# Should I buy Auzentech X-Plosion 7.1



## Laurijan (Sep 21, 2011)

Hi!

I could get this card for about 40€. I need Dolby Digital and DTS and 5.1 sound for my Logitech Z-5450 sound-system.

http://www.extremeoverclocking.com/reviews/sound/Auzentech_X-Plosion_1.html
http://www.elitebastards.com/index.php?option=com_content&task=view&id=19

This card should be Win7 32x and 64x compatible.

Is the lack of EAX 5.0 dramatic?

Any advise on this is nice.


----------



## Cold Storm (Sep 21, 2011)

I had the X-plosion for quite some time. I loved the thing. Only reason I swapped it out was the X-fi Forte was a Pci-e slot card.

EAX really doesn't make a difference anymore and with the factor that opamps can be easily changeable, it really makes it nice to have. Cheap upgrade on the card. for great sound. IMHO


----------



## Laurijan (Sep 24, 2011)

I could get this card for 42.90EUR 
http://www.club-3d.com/index.php/products/reader.en/product/theatron-dd.html

I wonder how this more expensive card is better 
http://www.club-3d.com/index.php/products/reader.en/product/theatron-agrippa-dts-71.html 

Any comments on that?


----------



## Grings (Sep 24, 2011)

The cheaper card only supports Dolby Digital, if the Logitech set support DTS then its worth paying the extra imo, Dolby Digital live is pretty low bitrate in comparison to DTS

I have one of the older Theatron Agrippa DTS cards (an auzen xplosion with Club3d stickers over the auzen logo's) and a Xonar D2 and really cant tell a difference in DTS mode, the 8788 based cards support a few higher sample rates in 2 channel PCM, but thats about it


----------



## INSTG8R (Sep 24, 2011)

Well I will say that first linked card is pretty sparse on the PCB as far I am concerned which can't bode well for it's audio quality but that second link that card look very well featured and if I am not mistaken looks like the OPAMPS are replaceable. As far as EAX and what not it is pretty much dead outside of using Creatives's Alchemy to restore it and even then it only applies to older games. OpenAL will use my Fatality's RAM for example in a game that uses OpenAL so I don't totally lose out on it's capabilities.
You only have a 5.1 setup so paying "extra" for a 7.1 card seems a little pointless(this coming from someone who is perfectly happy with the sound he gets from his X-Fi Fatality soundcard and a VERY budget set of Creative 5.1's)


----------



## AsRock (Sep 24, 2011)

INSTG8R said:


> Well I will say that first linked card is pretty sparse on the PCB as far I am concerned which can't bode well for it's audio quality but that second link that card look very well featured and if I am not mistaken looks like the OPAMPS are replaceable. As far as EAX and what not it is pretty much dead outside of using Creatives's Alchemy to restore it and even then it only applies to older games. OpenAL will use my Fatality's RAM for example in a game that uses OpenAL so I don't totally lose out on it's capabilities.
> You only have a 5.1 setup so paying "extra" for a 7.1 card seems a little pointless(this coming from someone who is perfectly happy with the sound he gets from his X-Fi Fatality soundcard and a VERY budget set of Creative 5.1's)

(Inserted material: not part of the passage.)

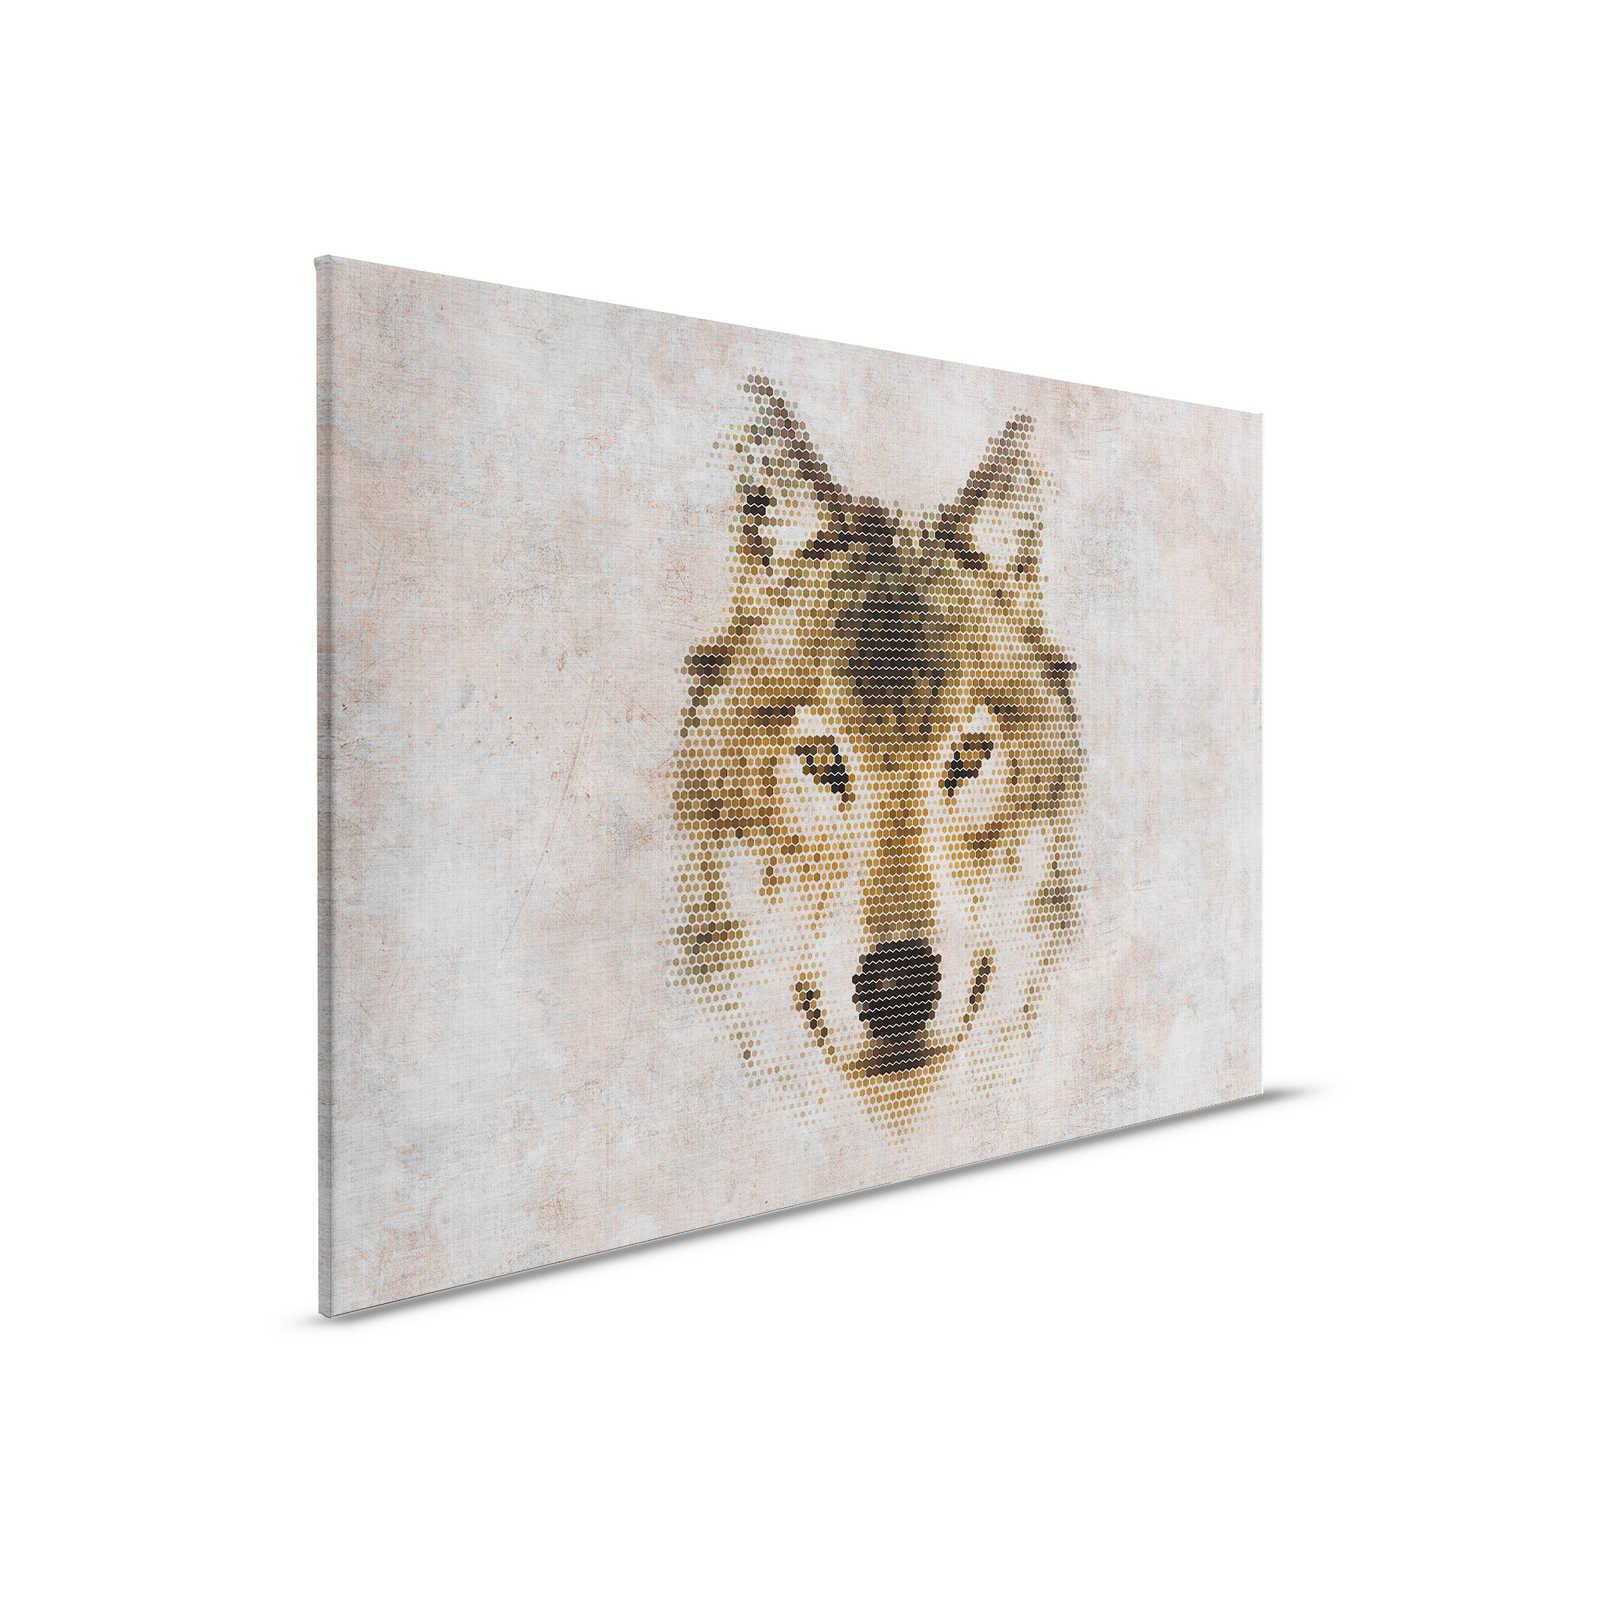         Big three 1 - Concrete-look canvas picture with wolf - natural linen structure - 0.90 m x 0.60 m

sparse  could could be a good thing with sound as that could mean it's less altered and more true.

And could not agree more going from 5.1 to 7.1 is pretty pointless as there is not many games that support it and then your just left with Blu Ray.

EAX has always bugged me i hate the false echo it makes.

I have always wanted to pick up a Auzentech  as i have always heard good things about them but never got one due to things like the pci slot or out of stock which near every time i am up for buying one seems like i cannot get one.  However now i just use a HT though HDMI to the video card so really now i don't need one unless it was for the mic lol.

Had one of the x fi gamers some time ago and hated it and the mic was a complete pain in the butt.


For that price seems like a really nice price and i would of got one by now if it ran on a pci e x4 slot


----------